The Haunting on Heliotrope Lane
“Do you see anything?” George asked. “Isn’t there a smaller room down here? Willa said she found Izzy in a smaller room. . . .”
“The room where Mrs. Furstenberg’s body was found,” I added. “Yeah. That’s what I thought. But I don’t see anything.”
George’s brows furrowed as she shined her light along the ceiling. Her beam made a straight line across the wall where the washing machine was, then made a sharp right, then moved along the following wall, then . . .
“There!” I said. “See? The wall comes in, but it doesn’t extend all the way to the end of the house.
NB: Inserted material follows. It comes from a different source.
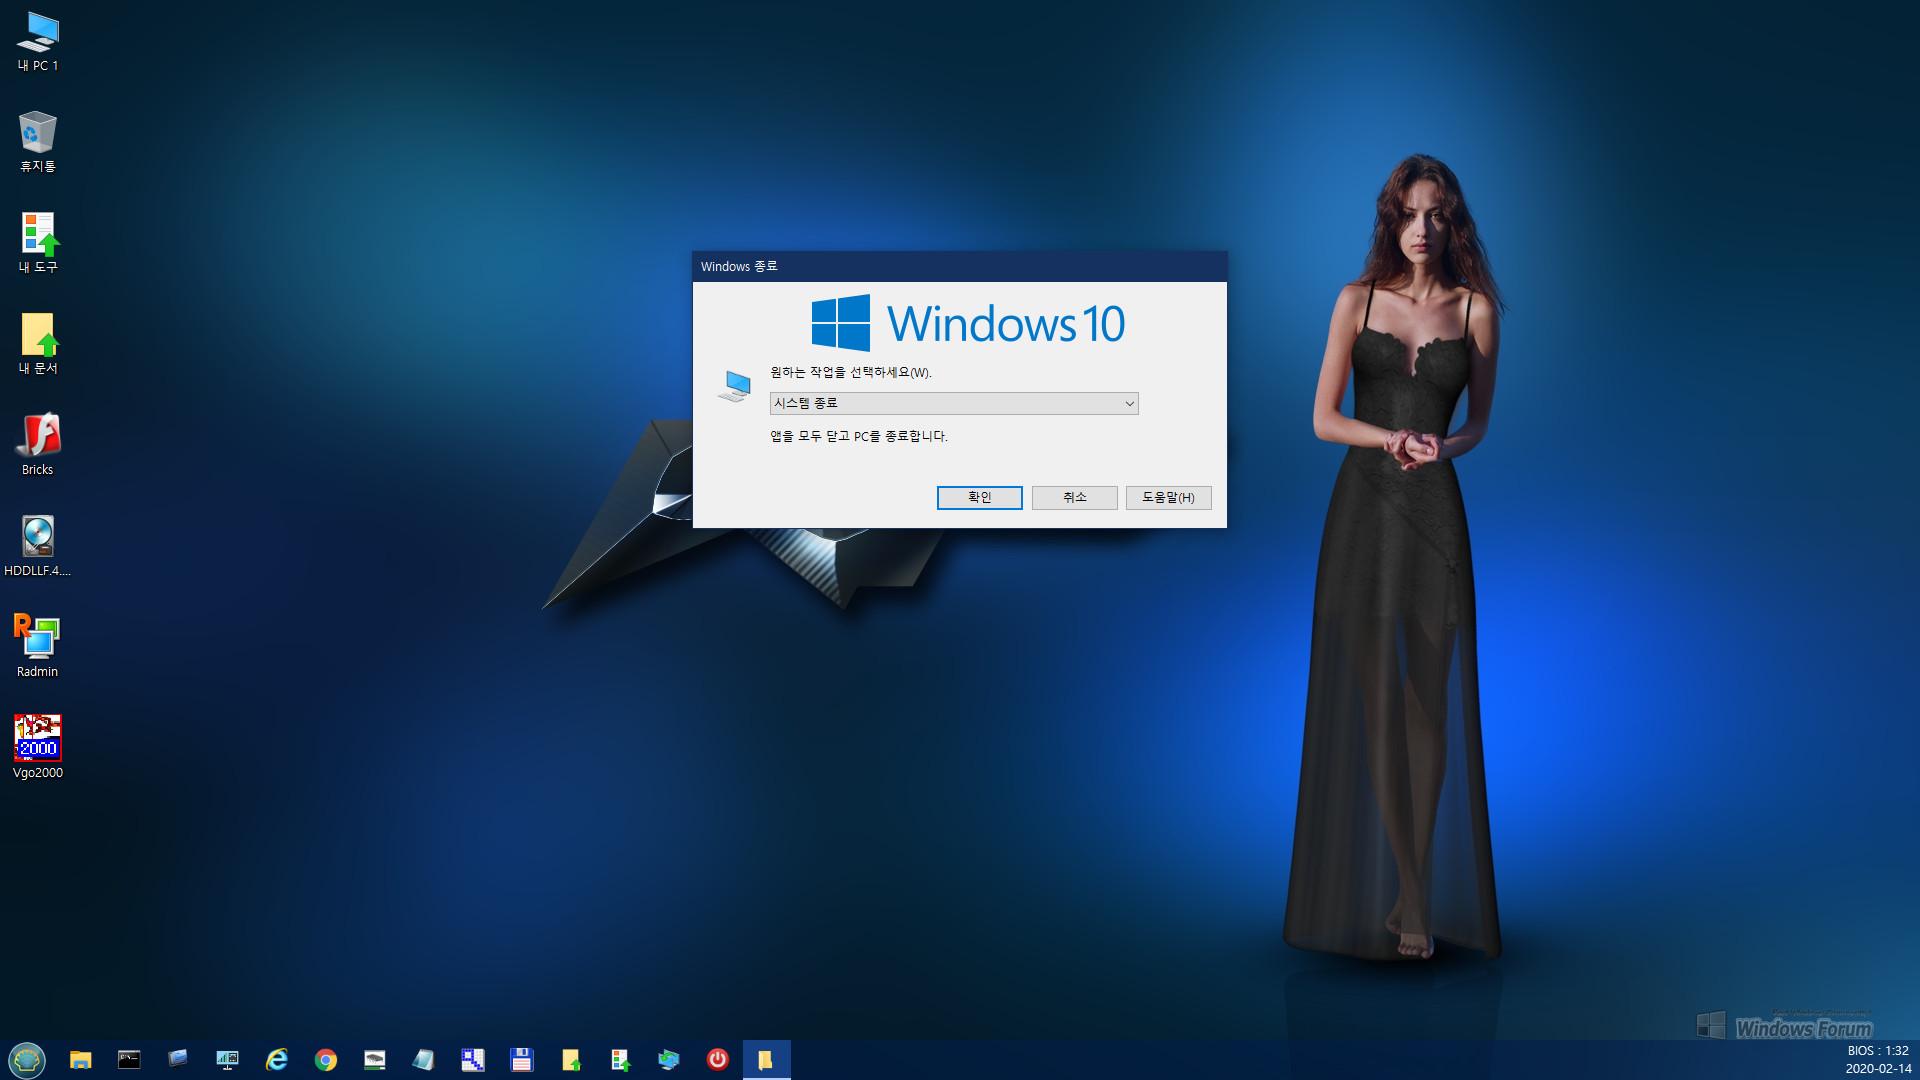 Win10XPE24_x64_18363.387_0010-00.jpg

There’s a room or a closet or something over there.”
George nodded. “You’re right.”
Slowly, holding my flashlight beam in front of me, I led the way over to the place where the wall seemed to be hiding something. It was a small space, less than eight feet long.
When I got closer, I shined my flashlight along one wall—then around the corner . . .
“There!” said George.
A heavy metal door painted black led into the cornered-off space.
A chill ran down my spine. “That has to be where they found her body,” I whispered.
“But who closed it?” George asked. “If Willa found Izzy in there . . . and no one lives here . . .”
I shivered. I didn’t like thinking about this. Either someone who was trespassing in the house had reason to close it, or . . . someone who’s not alive is keeping us out? “Unless there’s another room?” I asked, quickly scanning the walls again with my flashlight.
“There’s not,” George said. “This has to be it.”
I sighed, then looked at my friend. “So I guess . . .”
“. . . we should at least try the door,” George said, though she looked about as eager as I felt, which is to say: not very.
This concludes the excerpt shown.